Throughout the medical system, the insistence on revenue and profits has accelerated. This can be seen in the shuttering of pediatric units at many hospitals and regional medical centers, in part because treating children is less lucrative than treating adults, who order more elective surgeries and are less likely to be on Medicaid. It can be seen in emergency rooms that were understaffed because of budgetary constraints long before the pandemic began. And it can be seen in the push by multibillion-dollar companies like CVS and Walmart to buy or invest in primary-care practices, a rapidly consolidating field attractive to investors because many of the patients who seek such care are enrolled in the Medicare Advantage program, which pays out $400 billion to insurers annually. Over the past decade, meanwhile, private-equity investment in the health care industry has surged, a wave of acquisitions that has swept up physician practices, hospitals, outpatient clinics, home health agencies. McNamara estimates that the staffing in 30 percent of all emergency rooms is now overseen by private-equity-owned firms. Once in charge, these companies “start squeezing the doctors to see more patients per hour, cutting staff,” he says.

As the focus on revenue and the adoption of business metrics has grown more pervasive, young people embarking on careers in medicine are beginning to wonder if they are the beneficiaries of capitalism or just another exploited class. In 2021, the average medical student graduated with more than $200,000 in debt. In the past, one privilege conferred on physicians who made these sacrifices was the freedom to control their working conditions in independent practices. But today, 70 percent of doctors work as salaried employees of large hospital systems or corporate entities, taking orders from administrators and executives who do not always share their values or priorities.

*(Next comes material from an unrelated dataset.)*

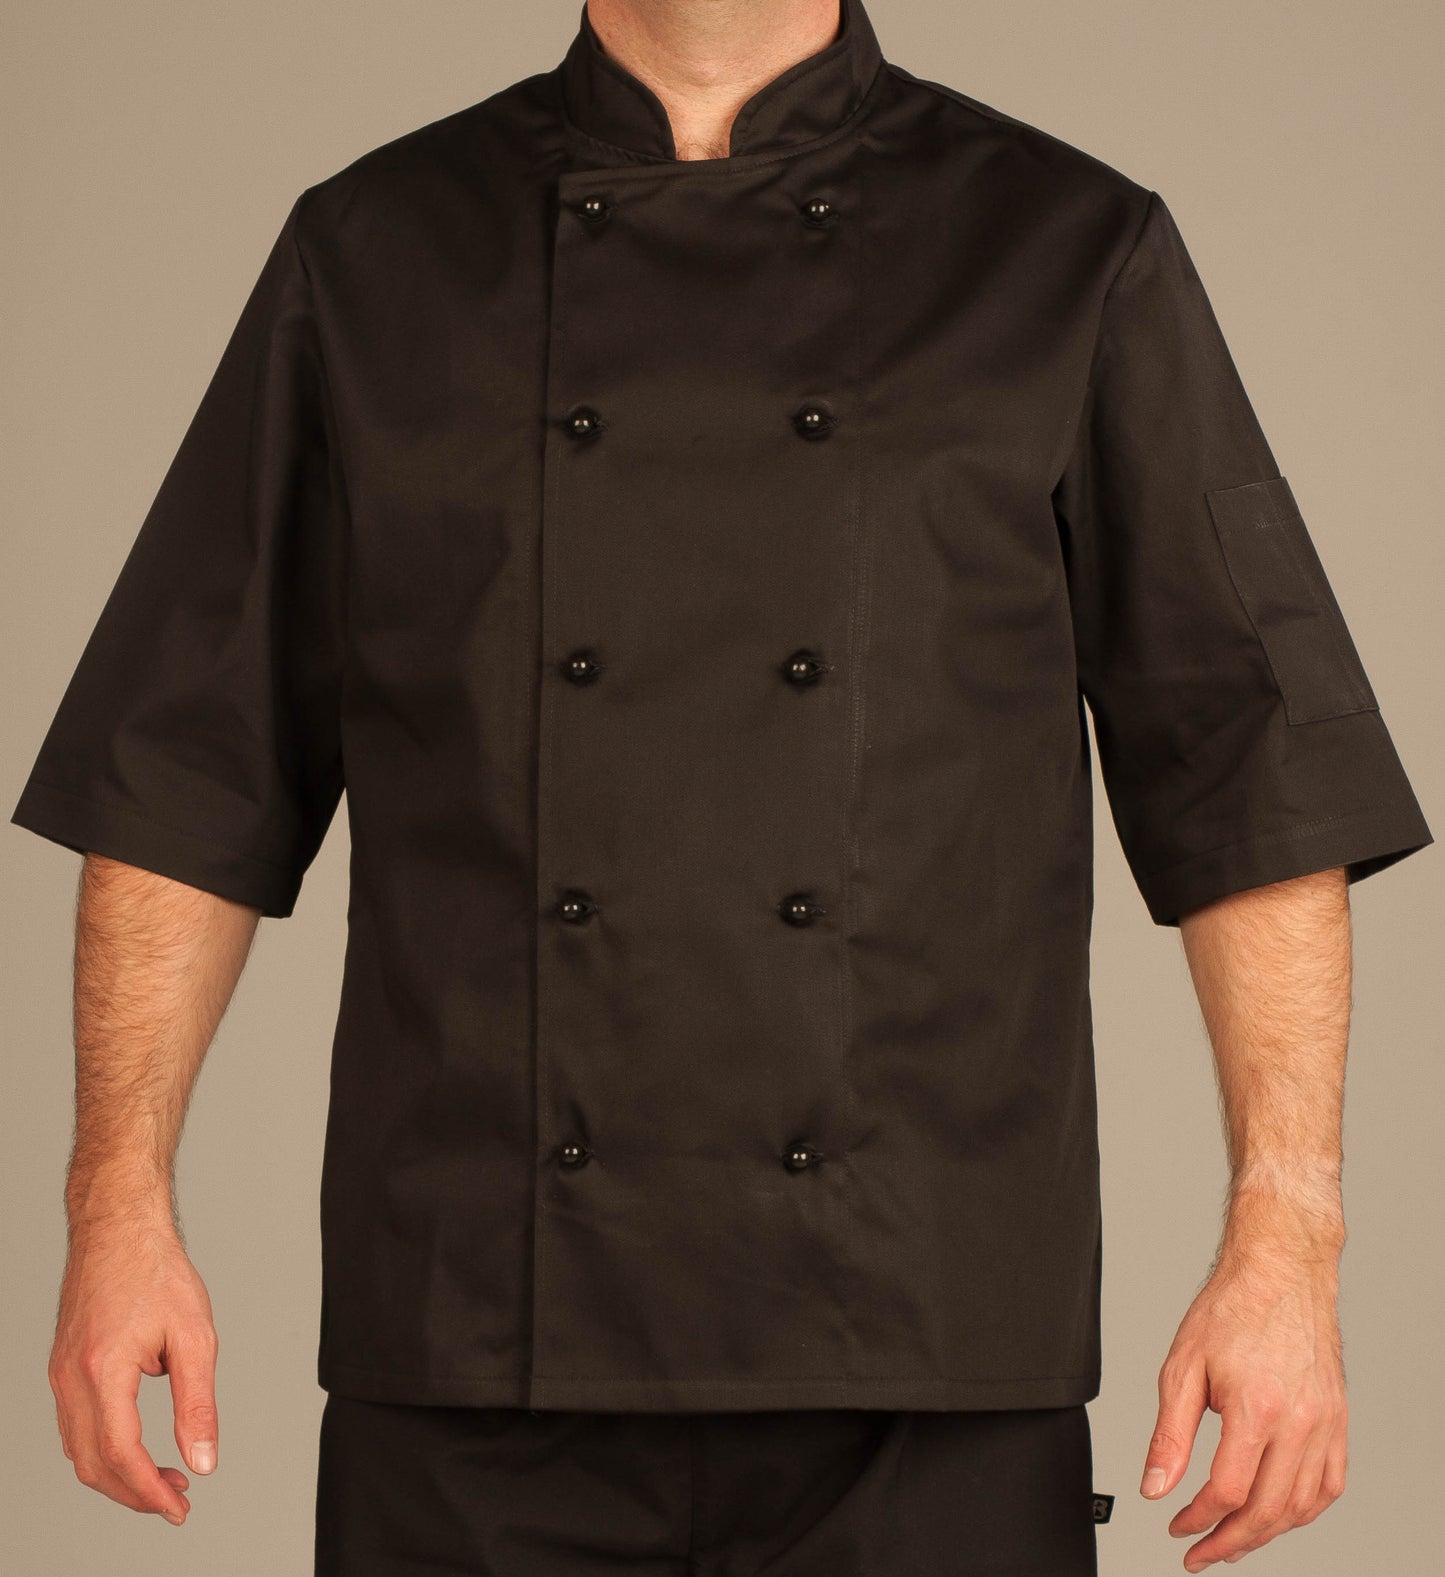 James Chef Jacket - Short Sleeves black or white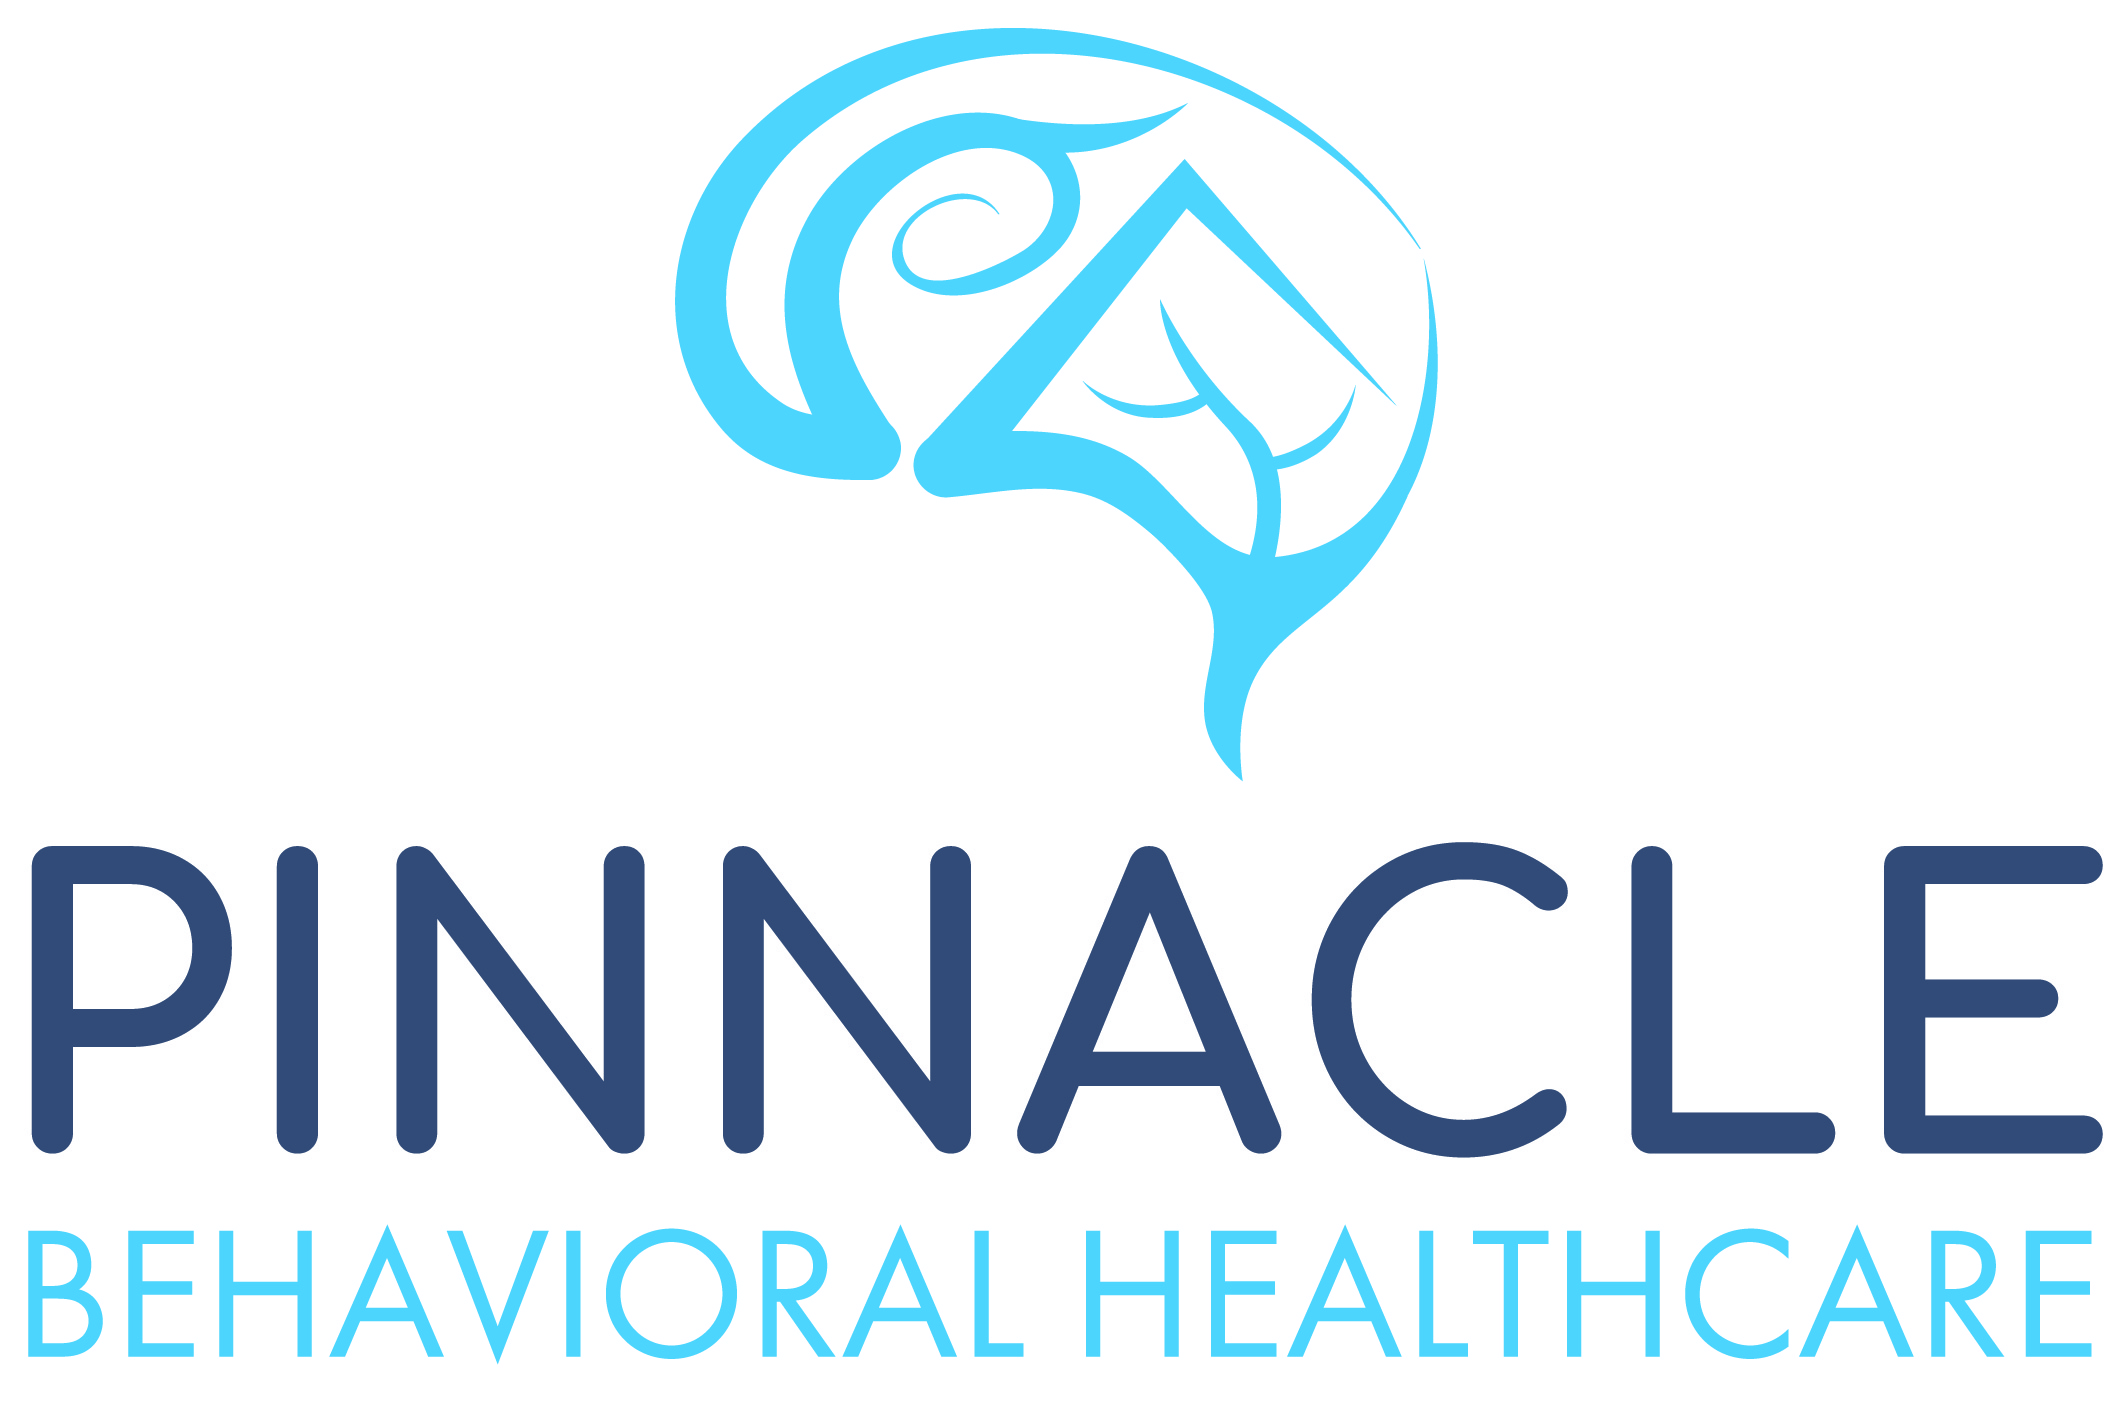 Pinnacle Behavioral Healthcare logo

Philip Sossenheimer, a 30-year-old medical resident at Stanford, told me that these changes had begun to precipitate a shift in self-perception among doctors. In the past, physicians “didn’t really see themselves as laborers,” he notes. “They viewed themselves as business owners or scientists, as a class above working people.” Sossenheimer feels that it is different for his generation, because younger doctors realize that they will have far less control over their working conditions than their elders did — that the prestige of their profession won’t spare them from the degradation experienced by workers in other sectors of the economy. “For our generation, millennials and below, our feeling is that there is a big power imbalance between employers and workers,” he says.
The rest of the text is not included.